With a solidly grounded system, the line to ground fault passes enough current to trip the breaker. The contiguous bonding / grounding system limits voltage differences between any (attached) exposed metal to mitigate any shock hazard. Then the breaker trips, removing the fault from the supply, the sense of urgency to fix it becomes immediate because production is down, and the cost of production downtime is the driving imperative. So the safety hazard is removed by automatic operation of the safety device, the location of the fault is indicated by the circuit out, and fixing it is indicated at the highest priority.

A floating or ungrounded system supply has one set of issues. The electrical distribution supply without the contiguous bonding / grounding system, using local peg grounding with ground rods but no EGC conductor or effective fault clearing path back to the source, has a different set of issues. You are describing the coincidence of both, floating and no effective fault clearing path back to the source.

Floating or ungrounded systems are still legal with marking or signage and ground fault detection (not ground fault trip). Typically the words I see are 'with qualified onsite supervision'.

A floating or ungrounded supply, first line to ground fault simply references the system to ground and it can go undetected for a long time. But with no EGC, there can be and probably is, a local elevated voltage potential above the earth level on the exposed metal frame.

This would be especially hazardous outside or around a body of water. The man standing on the ground and grabbing a handhold on the structure / ladder / frame could have the full system voltage across him, from the earth level through the fault to the supply transformer. This would be 1000x if he were standing in water and then grabbed the metal that was faulted to the line.
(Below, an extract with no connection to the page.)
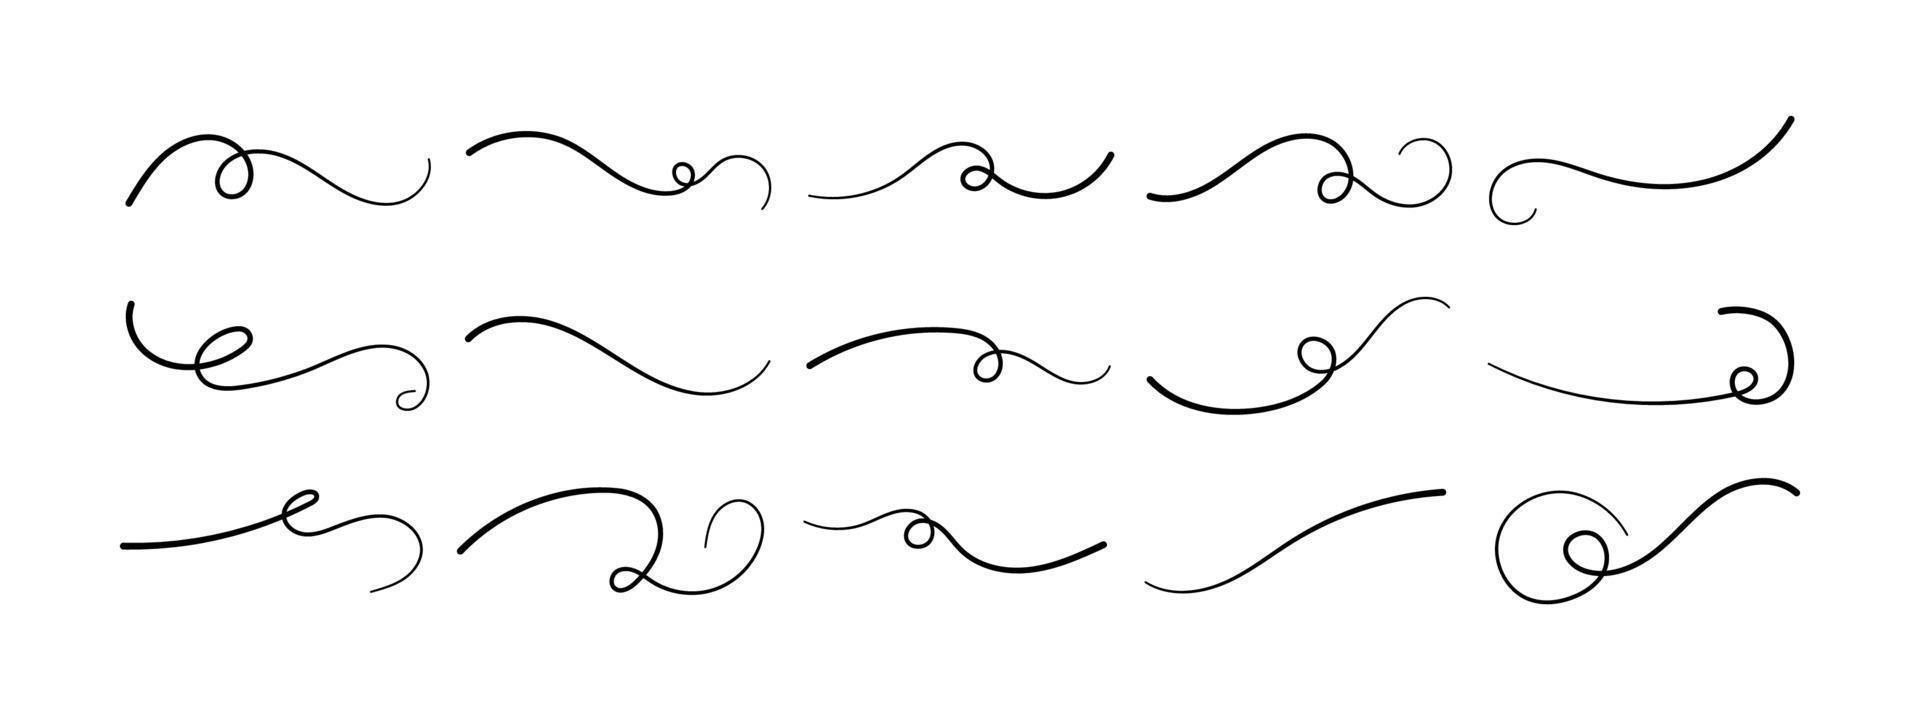 conjunto de dibujo a mano subrayado swoosh. las inscripciones caligráficas enfatizan la línea curva. elementos de tipografía vectorial. colección de trazos de pincel negro aislado sobre fondo blanco. adorno de colas. vector

Since the fault is not localized, it can be any piece of metal frame or structure anywhere on the site.

Since the breaker does not trip, the hazard is neither indicated or removed. The original design intent of this system is that the onsite qualified personnel will find and fix the fault, with the same or better urgency as if the breaker tripped and production went down.

So while possibly a legal and grandfathered system, you are missing several components. No awareness of the very specific hazards, no automatically operating safety devices that are normally expected to be present, no indicating or alarming for voltage hazards on normally grounded and bonded exposed metal.

There is a lot else going on, possibly passing enough current to show up on your electric bill but not enough to trip a big breaker.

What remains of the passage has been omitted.